Apache Hadoop was designed to store and process large data sets and it has many advantages like its open-source, cost-effective, fault-tolerant, etc on the other hand it has a disadvantage as well.
Apache Hadoop Advantages
The following are some of the Apache Hadoop advantages.
1. Open Source
Apache Hadoop is open-source software and developed at Apache Software Foundation. We can download Hadoop software from the Apache Software portal and start using it. It is freely available.
2. Data Sources
Apache Hadoop can store structured, unstructured, and semi-structured data which is generated from different sources like emails, social media in the form of log format, XML format, text format.
Apache Hadoop is a distributed storage and distributed processing system that process large datasets in the range of terabytes to petabytes. It achieves the best performance by dividing data into several blocks and store into several nodes and when a user submits a job it divides that job into a sub-task that starts executing on all those slave nodes and this way Hadoop achieves the best performance.

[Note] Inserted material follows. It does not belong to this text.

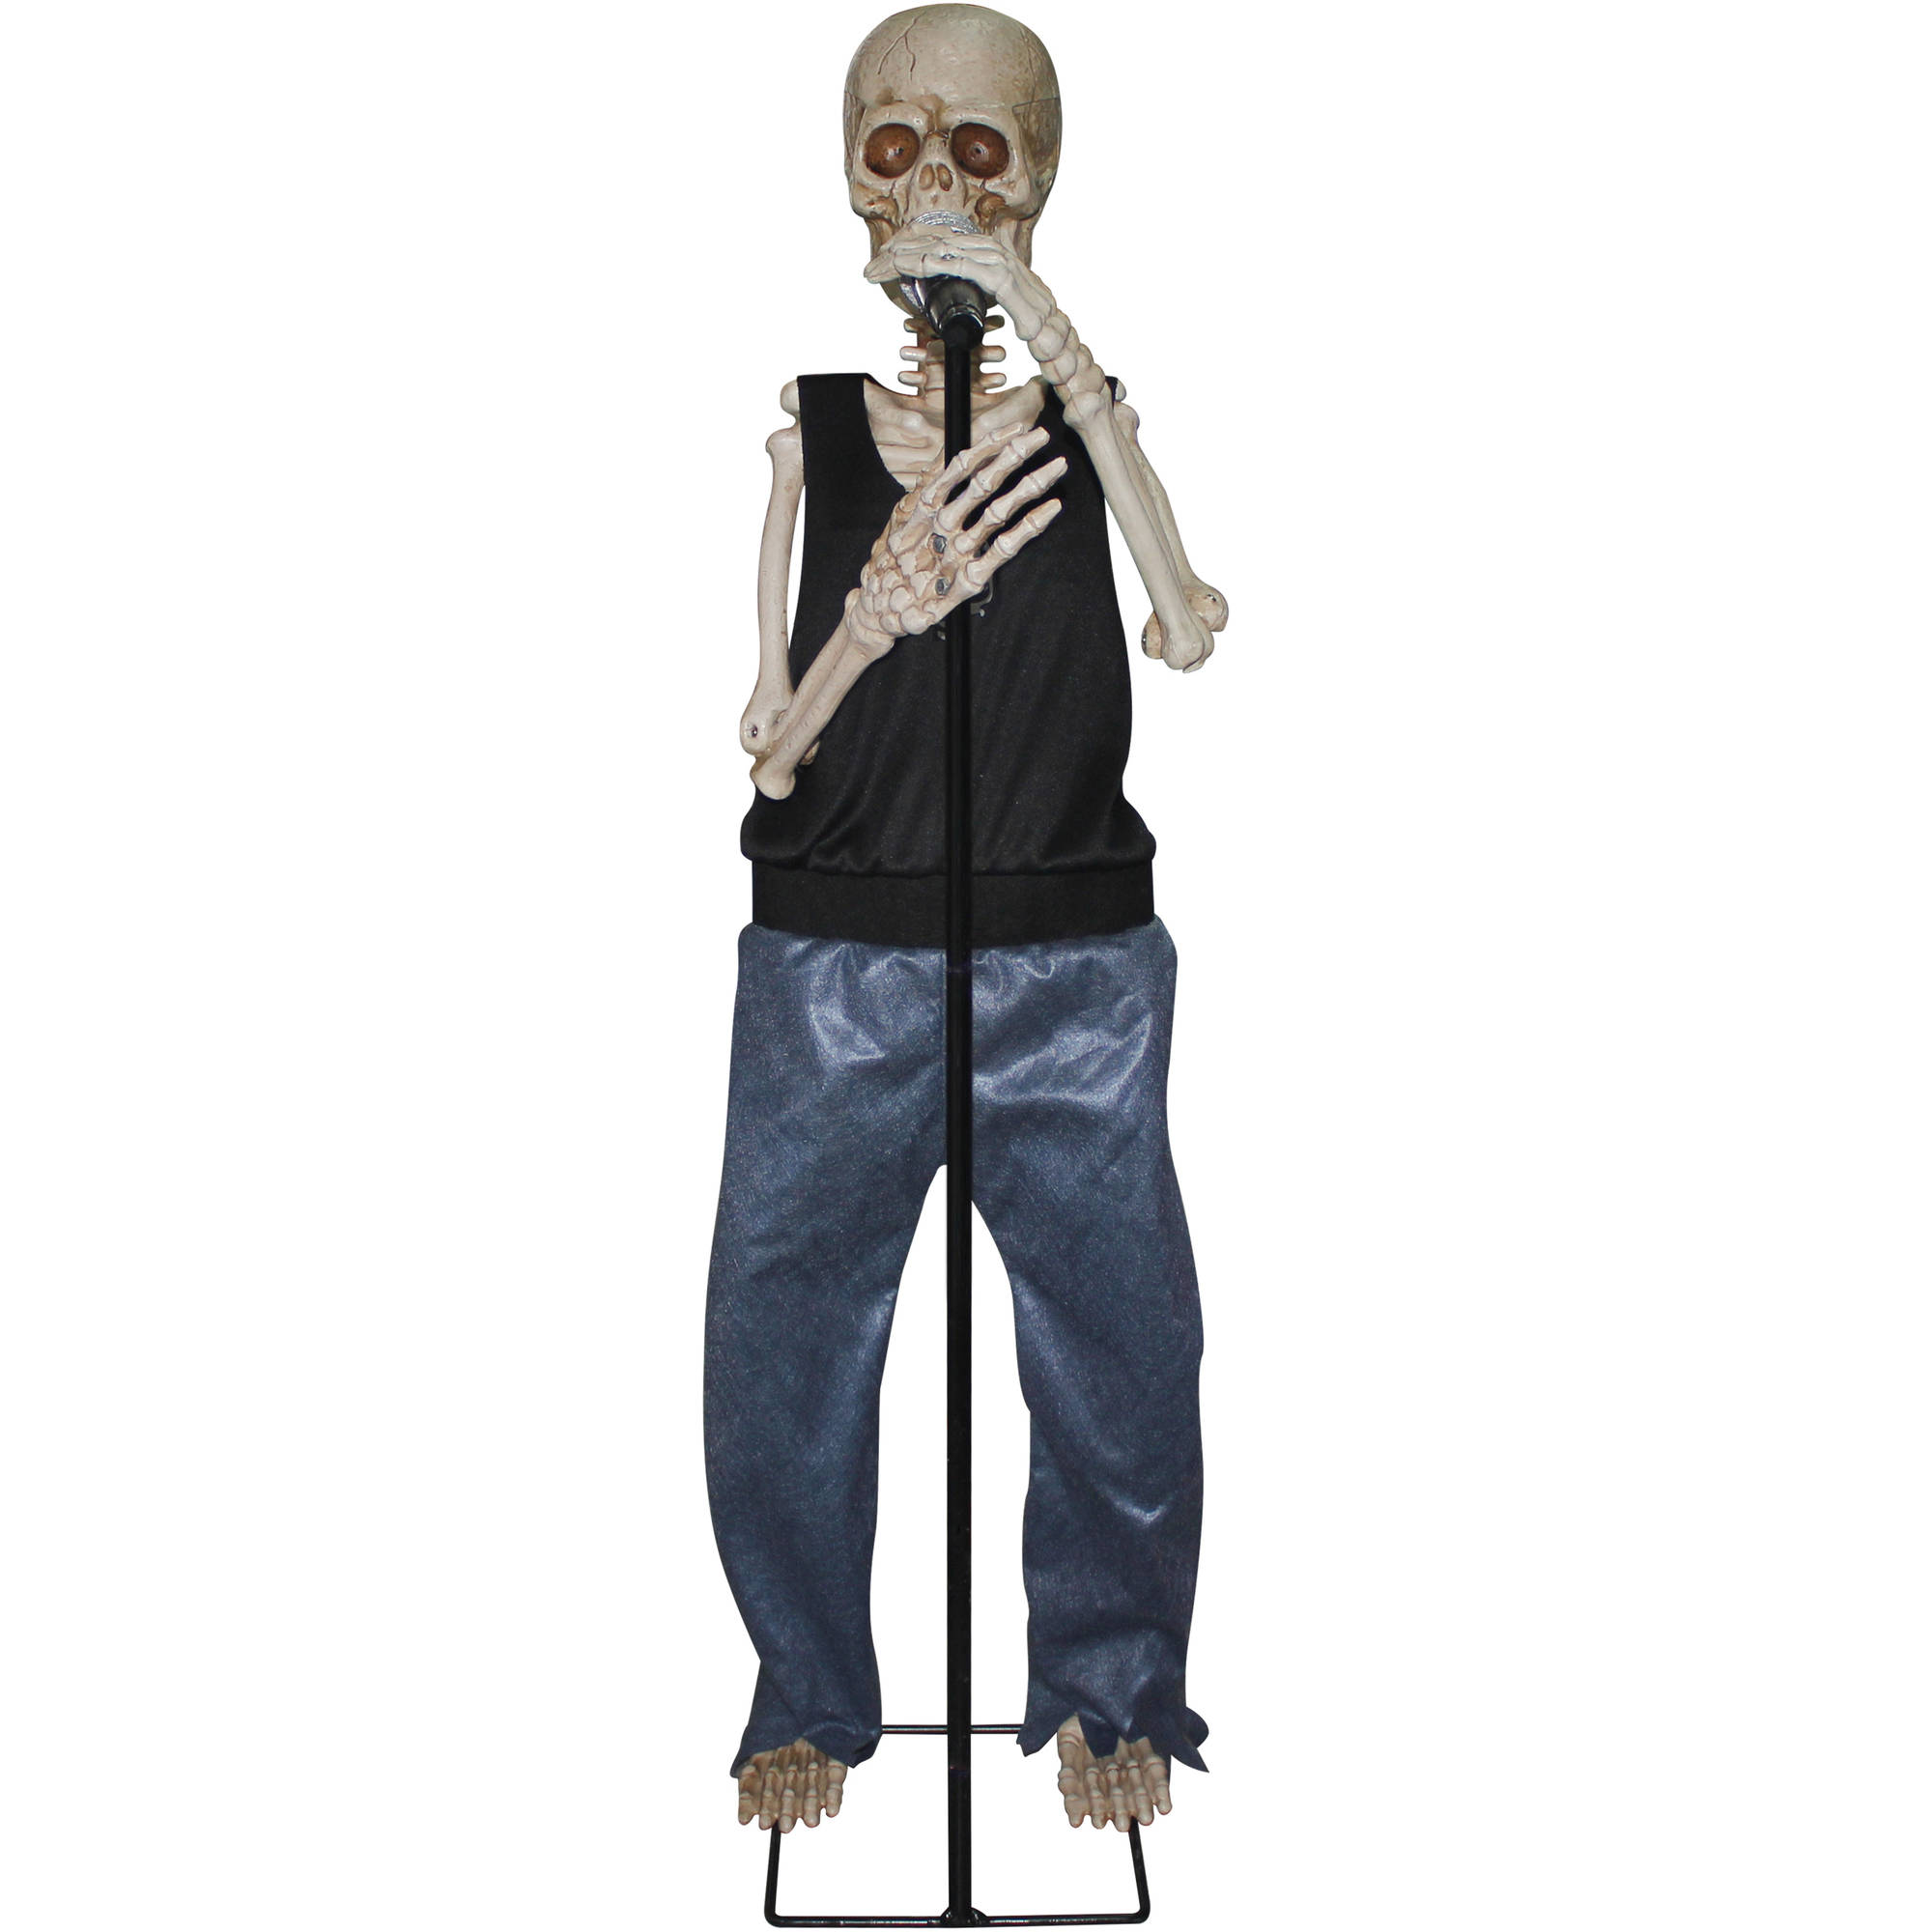 Singing and Dancing Animated Skeleton Halloween Decoration - image 1 of 2

Apache Hadoop can scale horizontally depending upon workload; nodes can be added to the Hadoop framework on the fly which makes it scalable.
5. High Availability
Apache Hadoop supports multiple standby name nodes and if one or two name nodes get down Hadoop will continue functioning this is how Hadoop achieves high availability.
6. Language Support
Apache Hadoop supports multiple languages like Python, C, C++Perl so programmers can write down codes in these languages.
Apache Hadoop is compatible with other fast-growing technology like Spark, Spark has its processing unit so it uses Hadoop as a data storage platform.
Apache Hadoop Disadvantages
The following are some of the disadvantages of Apache Hadoop.
1. Batch Processing
Apache Hadoop is a batch-processing engine, which processes data in batch mode. In batch, mode data is already stored on the system, and not real-time streaming cause Hadoop is not efficient in processing of real-time data.
2. Processing Overhead
When we deal with terabytes or Petabytes of data, it becomes overhead for Hadoop to read such huge data from disk and after processing write down on disk because Hadoop cannot process data in memory.
3. Small File Overhead
Apache Hadoop is used to store a small number of large files, but when it comes to storing a large number of small files(below 100 MB) then Hadoop fails because Hadoop store data in the block size of 128 MB or 256 MB by default and storing less than default size creates overhead for name node to process.
4. Security Concern
Apache Hadoop uses Kerberos for its authentication but missing encryption at storage and network layers are security concerns.